Kevin Hillstrom: MineThatData: False Metrics

January 25, 2009

False Metrics

In our world, we've heard the phrase "Multichannel customers are the best customers" for about a dozen years.

This phrase is used by retail and catalog CEOs, by consultants, and especially by the vendor community. It is frequently used as the reason for implementing various marketing strategies, opening stores, or for purchasing software systems. It is sort of like telling somebody to buy an oven because really good food comes out of the oven --- not understanding all of the dynamics that go into making and baking good food.

The multichannel metric is an easy one to calculate. Folks will filter only the twelve month buyer file, and will query that file, summing past demand based on past physical channels (phone, web, stores) purchased from. Others calculate the metric in a "forward looking" way, measuring twelve-month future spend as a function of past channels.

Here's an example, using aggregated and dummied-up multichannel data.

1 Channel In The Past = $169 in the future.
2 Channels In The Past = $226 in the future.
3 Channels In The Past = $362 in the future.

So, we've proven the statement, right?

Well, there's another way to validate the information.
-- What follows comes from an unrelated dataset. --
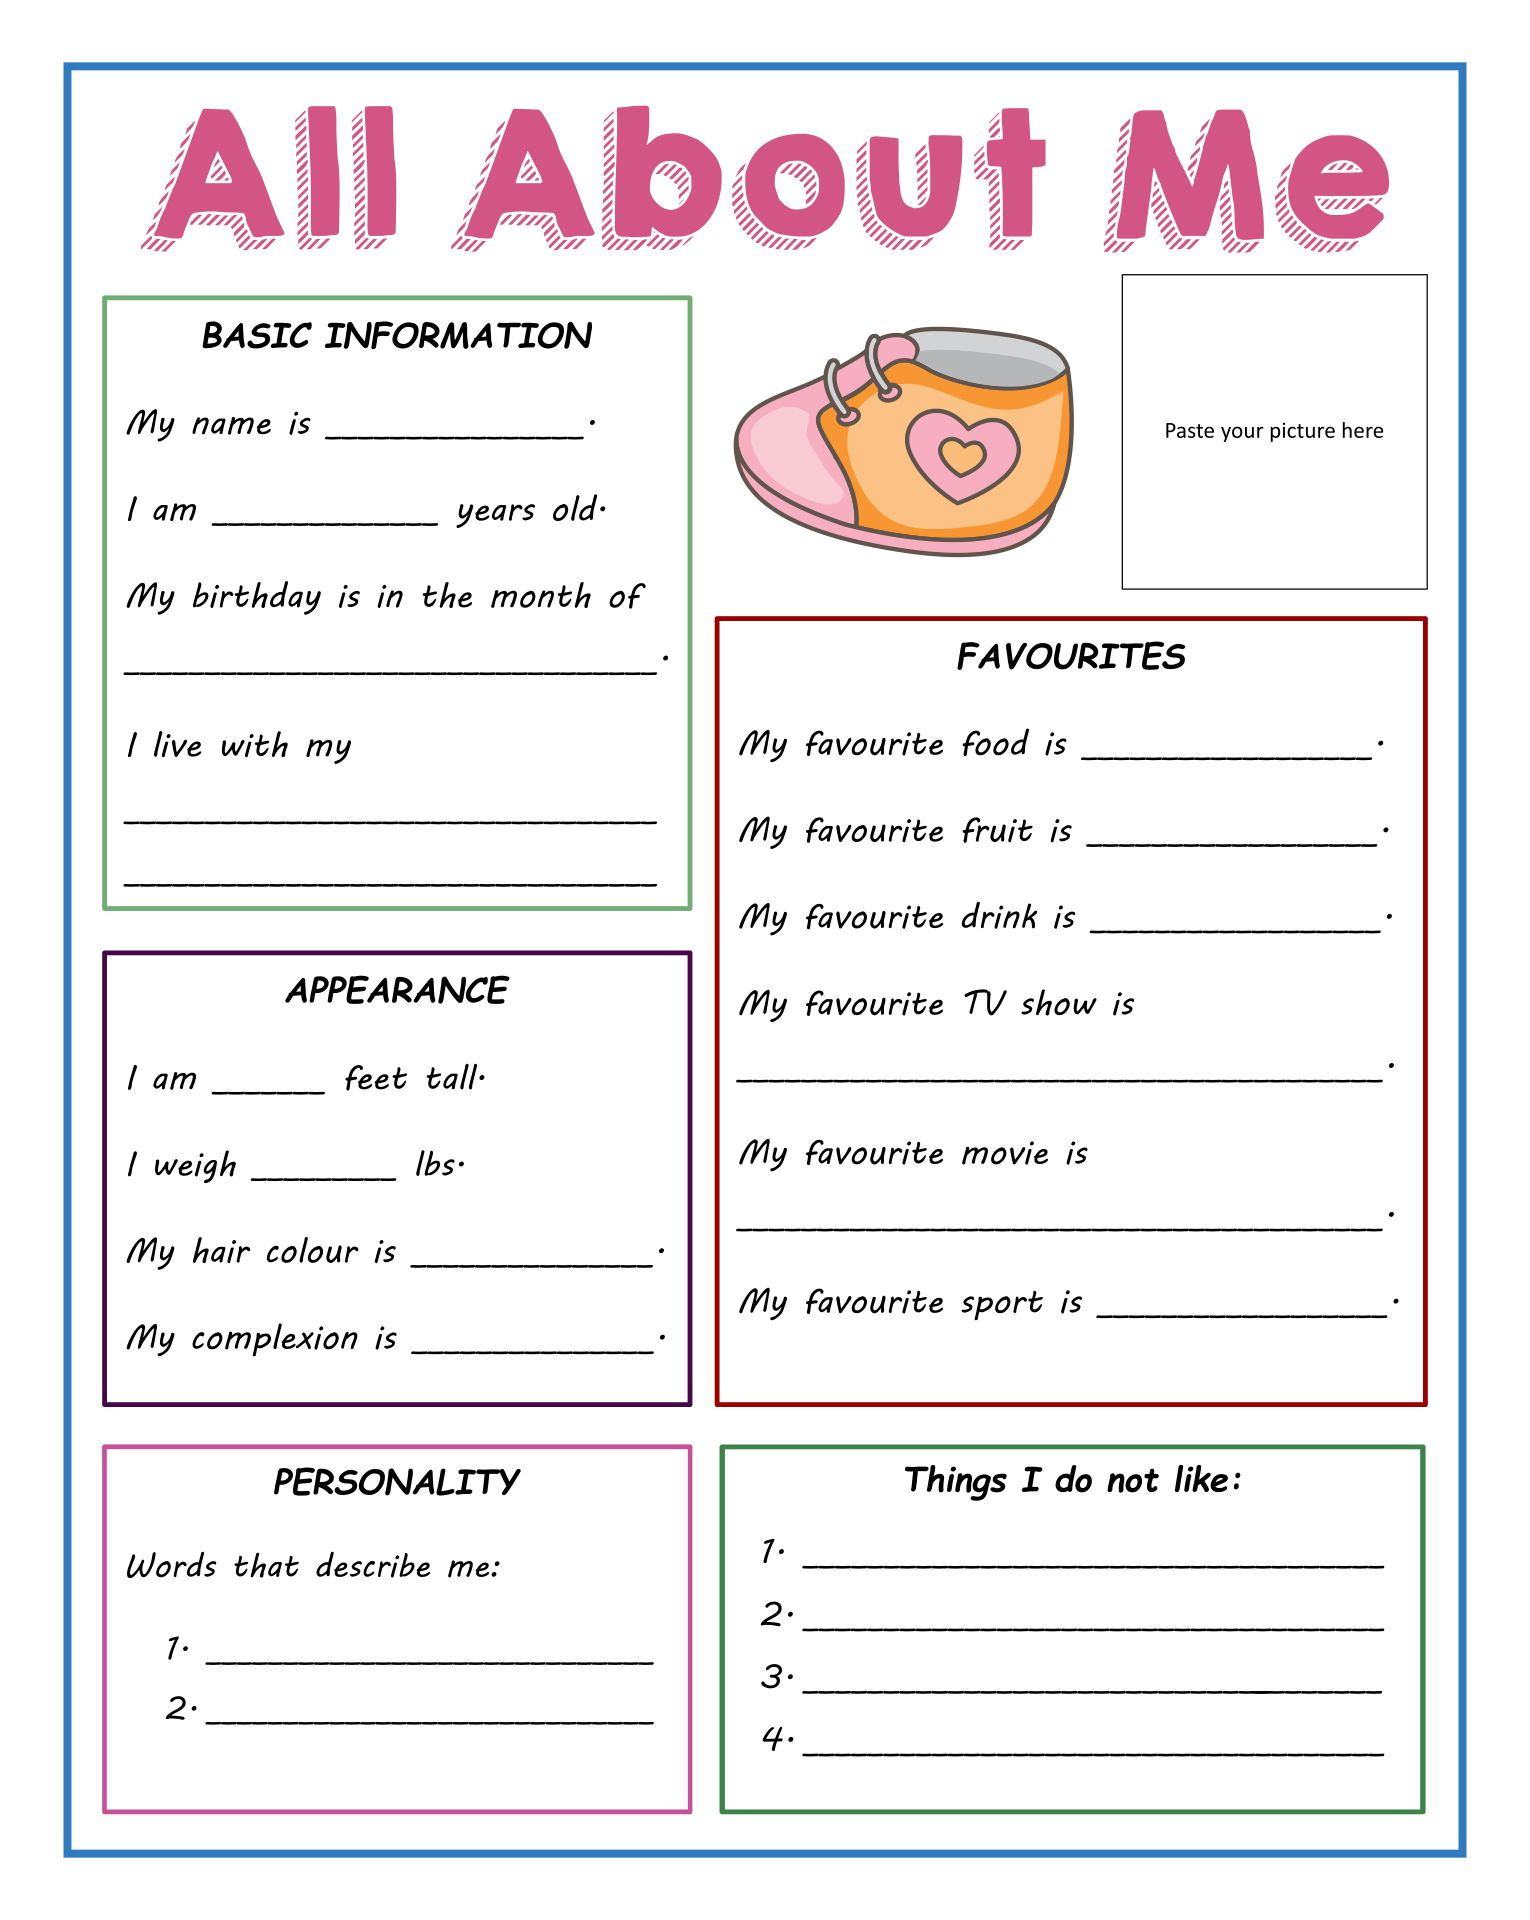 All About Me High School Printable | All About Me Worksheets

We can build models --- Logistic Regression for the repurchase rate, Ordinary Least Squares for spend per repurchaser.

In this example, I built models using numerous variables for a traditional business that has three physical channels.

Square Root Of Months Since Last Purchase.
Purchases In The Past 12 Months.
Purchased 13+ Months Ago.
Average Order Value
Is Customer An E-Mail Subscriber? 1 = Yes, 0 = No.
Number Of Physical Channels Customer Purchased From.
Number Of Merchandise Divisions Purchased From.
Number Of Online Channels Purchased From (Paid Search, Affiliates, Natural Search, Blogs, Shopping Comparison Sites, Portal Advertising, etc.).
Square Root Of Catalogs Mailed In Subsequent Twelve Months.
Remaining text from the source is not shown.